AI in Tech: Applications, Challenges, and Opportunities | FutureX Seminar

With the introduction of ChatGPT, the IT industry has taken a significant leap towards a new paradigm. This has led to a proliferation of downstream applications, resulting in a flourishing array of AI-based solutions. The Chinese and American tech giants, along with research organizations globally, have joined the large model arms race, marking the beginning of the AI 2.0 era. In early March, FutureX Capital organized an investment seminar titled "Seizing Opportunities in the AI Wave." The event witnessed the participation of several industry heavyweights and founders of portfolio companies. The discussion primarily revolved around two core topics - What caused the ChatGPT craze, and what is the difference between AI 2.0 and AI 1.0? The past months saw the most exciting period in the history of large models. Tech giants, startups, and tech organizations made daily updates on the progress of the large model industry. Notable developments include the release of multimodal GPT-4, Microsoft 365 Copilot, and Google's launch of the Bard beta version. These advancements in the large model industry suggest that the pace of AI 2.0 may far exceed previous technological waves.

Below are the key takeaways from the seminar:

Large Models: The Operating System of the AI 2.0 Era

In the PC and Internet era, operating systems acted as universal systems, managing and connecting software and hardware resources, enabling efficient operation of diverse applications and facilitating various inputs and outputs. Today, large models (such as GPT-4, LaMDA, and Ernie Bots) possess universal underlying capabilities, such as understanding, reasoning, and generation. As large models mature, they provide a wide range of functions for new and existing applications, intelligently handling various tasks and beginning to play a role similar to operating systems.

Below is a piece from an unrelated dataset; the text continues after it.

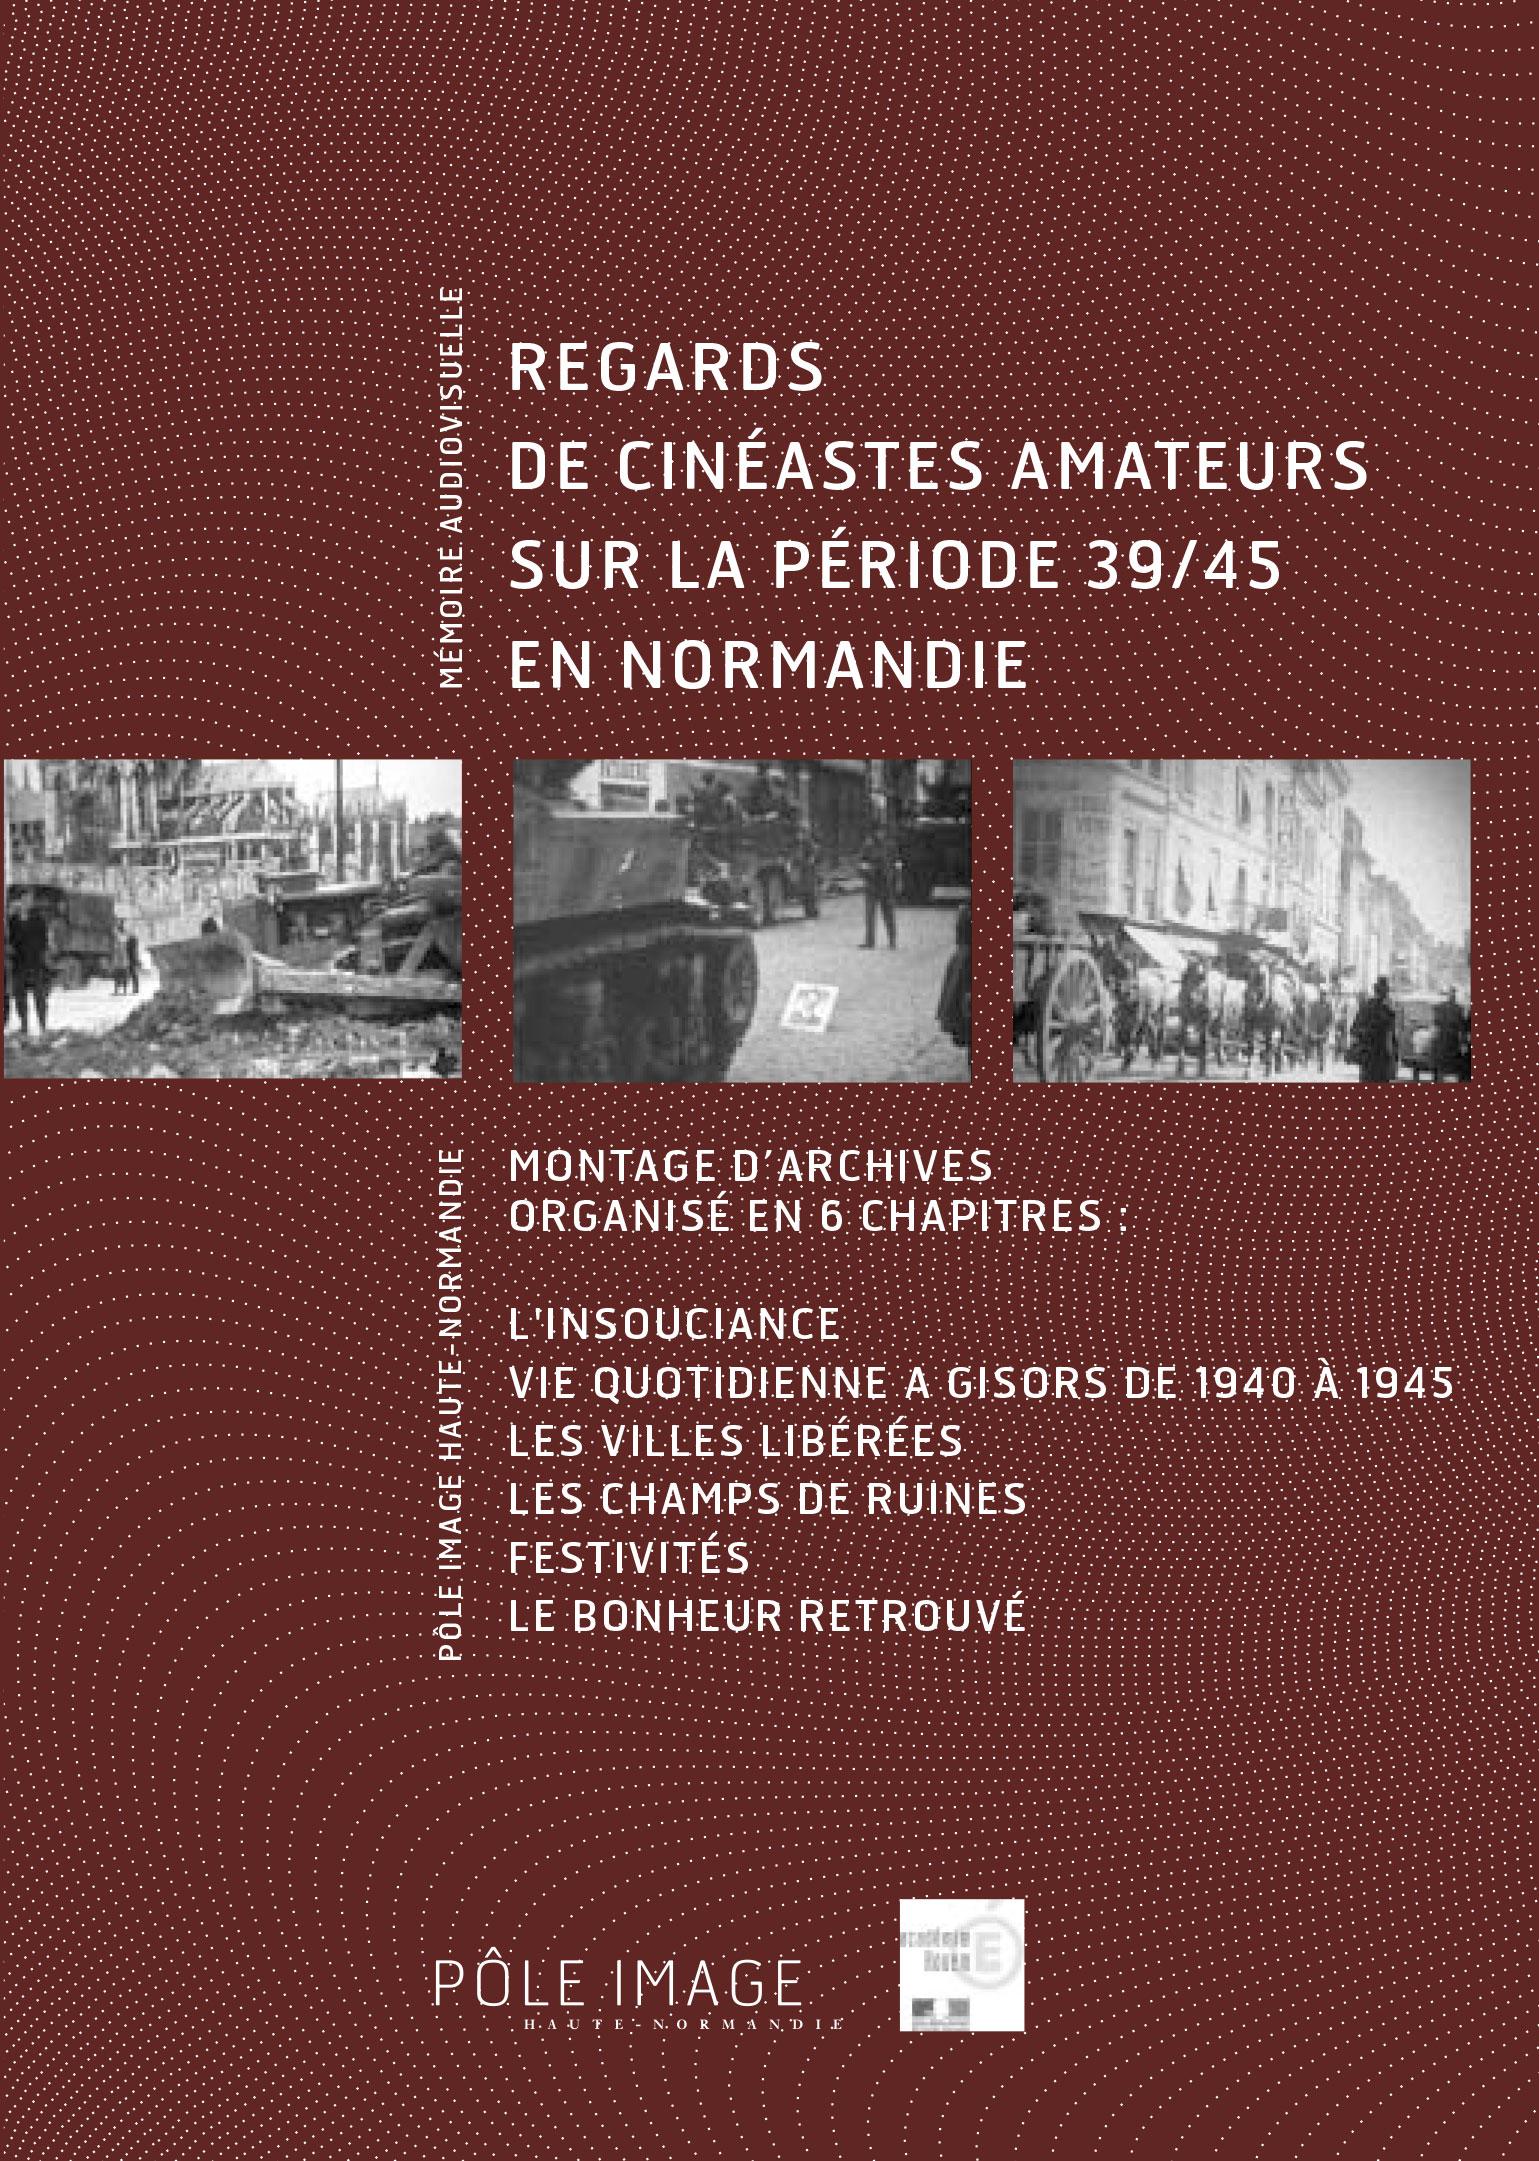 Regards de cinéastes amateurs sur la période 39/45 en Normandie

• Universality: Large AI models, like GPT-4, have extensive universality. These models can be used for various NLP tasks such as text generation, summarization, translation, and question-answering. This makes them a universal "intelligence engine," similar to operating systems providing basic functions for various applications.
• Scalability: Large AI models can be expanded by fine-tuning or adding datasets for specific tasks to adapt to particular application requirements. This is similar to operating systems allowing users to customize and extend their functionality to meet specific needs.
• Platform Support: With the proliferation of large AI models, more and more platforms and tools are beginning to support these models, providing developers with convenient APIs and interfaces. This makes AI models increasingly like operating systems, serving as the infrastructure for many applications.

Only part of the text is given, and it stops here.